If you’ve lost your job unexpectedly, you may need to consider taking a short-term job until you’ve successfully made your career change. A career switch is rarely impossible, if you have the time, patience and the willingness to do what is required. That being said, you should do what you can to avoid extended periods of doing nothing. Hate your job? Good – use that as motivation to plan and execute your career switch plan as quickly and cleanly as possible.

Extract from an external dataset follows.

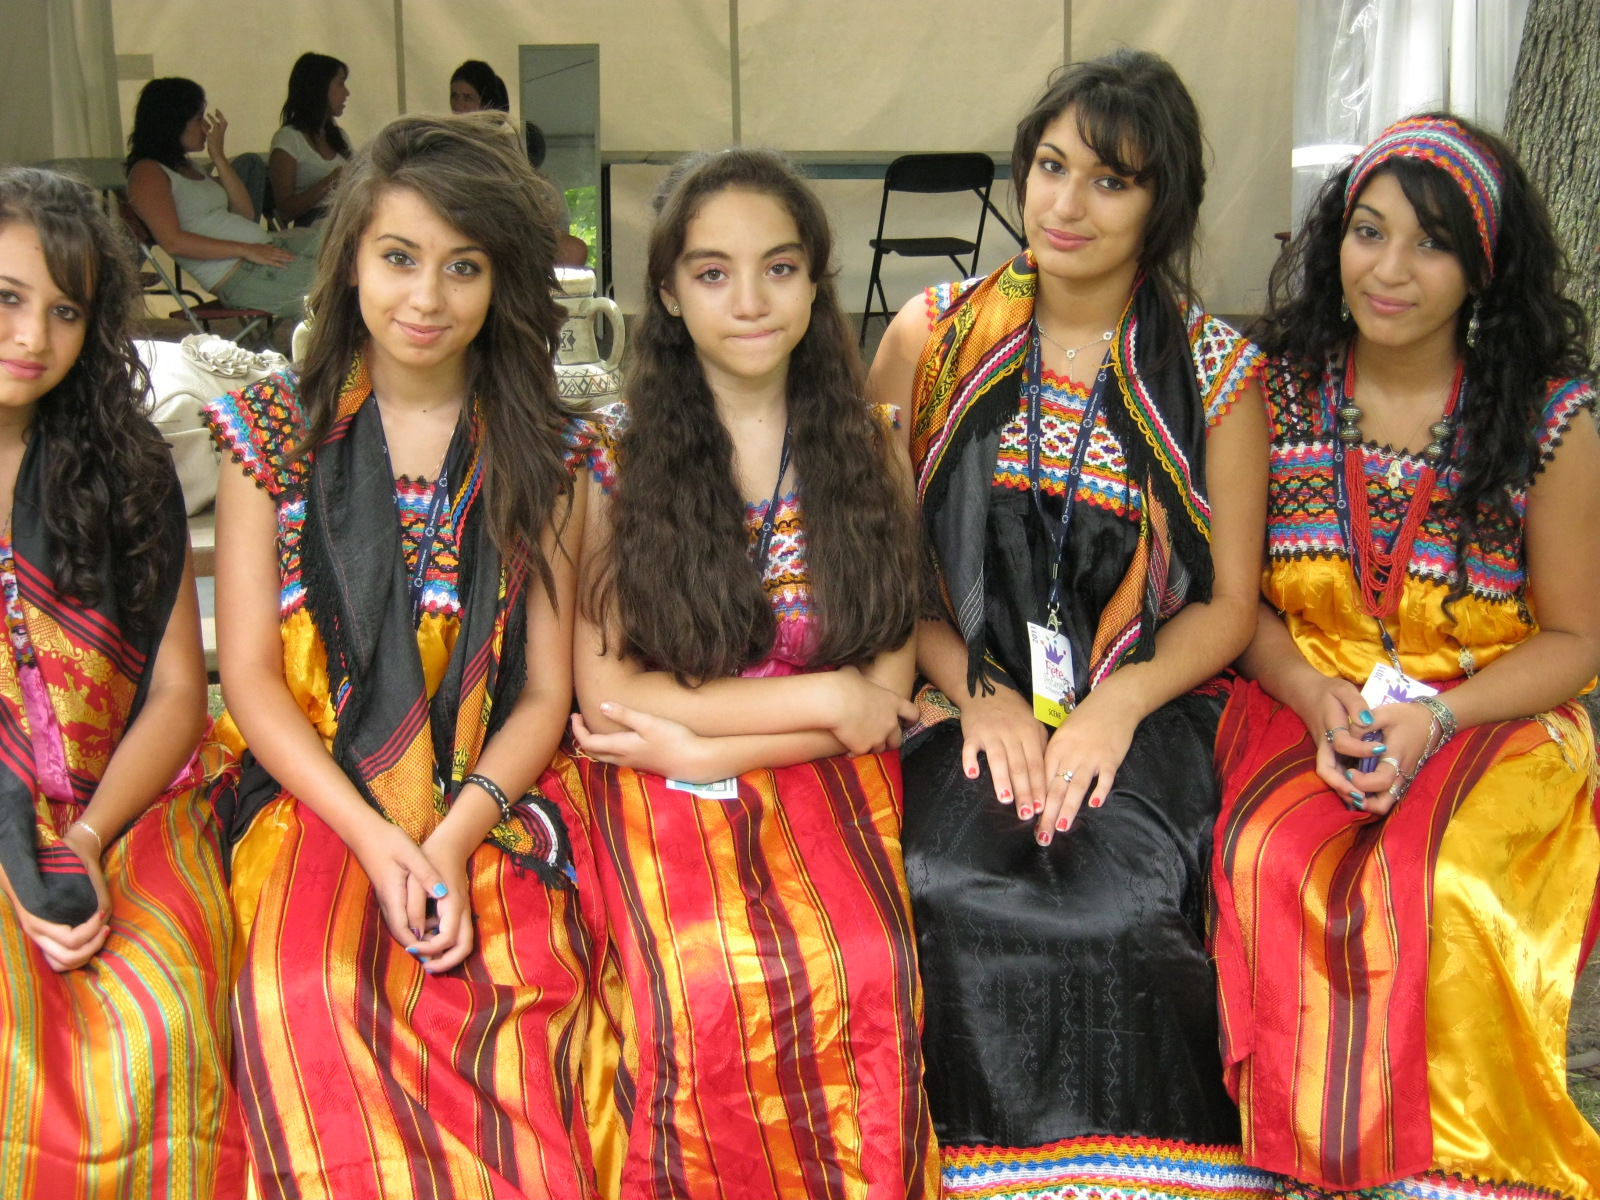 Rencontres femmes kabyles france

- From the start, you need to willingly accept that you may have to start at the bottom. Were you sales champ with a corner office at a multinational corporation? Great, but if you want to change to computer programming, you may need to accept a shift to being a lot further down the food-chain. Lateral career changes are rare – the bigger the switch, the more likely that you will need to start at the bottom. You won’t stay there, but you need to be willing to accept it – ego kills a lot of things, including career changes.
- The more connections you can make in your desired field and the nature of those connections will have a huge impact the success of your career change. If you don’t have those connections – you need to. Do you know anyone in your desired career field? Can you do an internship or volunteer? Can you use your current network to create an introduction? Could you find a part-time in your desired career to get some experience? Even in the midst of pandemic, it has never been easier to connect with people than it is today – take advantage of that!
Ideally, if you do change careers, the goal is to make as few as possible as it will be emotionally, personally and financially draining. With that in mind you do need to carve out the time required to carefully consider why you to change, and to what – measure twice, cut once. What is the end goal, and will a change get you there?
Finally, check your ego. The reality is that almost every career change involves a step back/down in seniority. You don’t have to stay there, but if you can’t check your ego and accept that, no career change will be effective, or satisfy your current frustrations without it.